[Source data]

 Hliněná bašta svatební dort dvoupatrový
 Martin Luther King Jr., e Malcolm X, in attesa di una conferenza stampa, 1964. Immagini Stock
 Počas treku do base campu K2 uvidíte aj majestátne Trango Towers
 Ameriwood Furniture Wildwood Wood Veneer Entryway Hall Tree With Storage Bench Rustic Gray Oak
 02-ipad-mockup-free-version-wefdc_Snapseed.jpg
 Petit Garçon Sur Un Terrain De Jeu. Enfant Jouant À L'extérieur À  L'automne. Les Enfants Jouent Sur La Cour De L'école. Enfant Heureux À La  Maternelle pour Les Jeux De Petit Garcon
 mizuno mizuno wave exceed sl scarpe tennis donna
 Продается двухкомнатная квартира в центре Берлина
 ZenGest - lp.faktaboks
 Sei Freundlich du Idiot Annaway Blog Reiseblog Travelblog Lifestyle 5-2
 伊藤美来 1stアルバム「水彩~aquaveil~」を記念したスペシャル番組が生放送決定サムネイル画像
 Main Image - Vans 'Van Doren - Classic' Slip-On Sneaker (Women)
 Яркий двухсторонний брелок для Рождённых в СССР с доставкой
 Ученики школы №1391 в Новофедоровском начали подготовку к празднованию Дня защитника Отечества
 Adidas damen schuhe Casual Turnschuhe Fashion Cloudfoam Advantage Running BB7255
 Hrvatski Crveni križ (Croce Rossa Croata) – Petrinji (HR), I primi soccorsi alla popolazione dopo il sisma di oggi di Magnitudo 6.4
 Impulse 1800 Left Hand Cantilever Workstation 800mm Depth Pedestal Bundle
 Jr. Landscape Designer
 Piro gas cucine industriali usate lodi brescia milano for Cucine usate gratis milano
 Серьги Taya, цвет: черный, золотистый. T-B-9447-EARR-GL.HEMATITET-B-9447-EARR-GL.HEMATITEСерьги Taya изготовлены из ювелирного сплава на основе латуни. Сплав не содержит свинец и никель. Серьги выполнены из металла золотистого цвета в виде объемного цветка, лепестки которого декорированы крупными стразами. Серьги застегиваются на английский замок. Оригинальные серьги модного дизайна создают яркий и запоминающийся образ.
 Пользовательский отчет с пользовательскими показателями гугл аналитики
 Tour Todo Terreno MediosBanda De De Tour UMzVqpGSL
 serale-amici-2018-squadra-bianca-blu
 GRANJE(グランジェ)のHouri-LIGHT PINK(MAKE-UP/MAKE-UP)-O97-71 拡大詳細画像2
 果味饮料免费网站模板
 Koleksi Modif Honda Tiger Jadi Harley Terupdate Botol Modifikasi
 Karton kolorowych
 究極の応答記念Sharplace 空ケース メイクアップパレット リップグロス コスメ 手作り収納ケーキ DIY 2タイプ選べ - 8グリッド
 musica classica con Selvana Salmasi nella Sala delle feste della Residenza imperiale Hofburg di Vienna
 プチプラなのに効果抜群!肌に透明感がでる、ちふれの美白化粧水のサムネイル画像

● Exercise:
Lines after the one containing "Продается двухкомнатная квартира" are left out; every line from the start of the entries through that line is restated word for word.

● Output of the task:
 Hliněná bašta svatební dort dvoupatrový
 Martin Luther King Jr., e Malcolm X, in attesa di una conferenza stampa, 1964. Immagini Stock
 Počas treku do base campu K2 uvidíte aj majestátne Trango Towers
 Ameriwood Furniture Wildwood Wood Veneer Entryway Hall Tree With Storage Bench Rustic Gray Oak
 02-ipad-mockup-free-version-wefdc_Snapseed.jpg
 Petit Garçon Sur Un Terrain De Jeu. Enfant Jouant À L'extérieur À  L'automne. Les Enfants Jouent Sur La Cour De L'école. Enfant Heureux À La  Maternelle pour Les Jeux De Petit Garcon
 mizuno mizuno wave exceed sl scarpe tennis donna
 Продается двухкомнатная квартира в центре Берлина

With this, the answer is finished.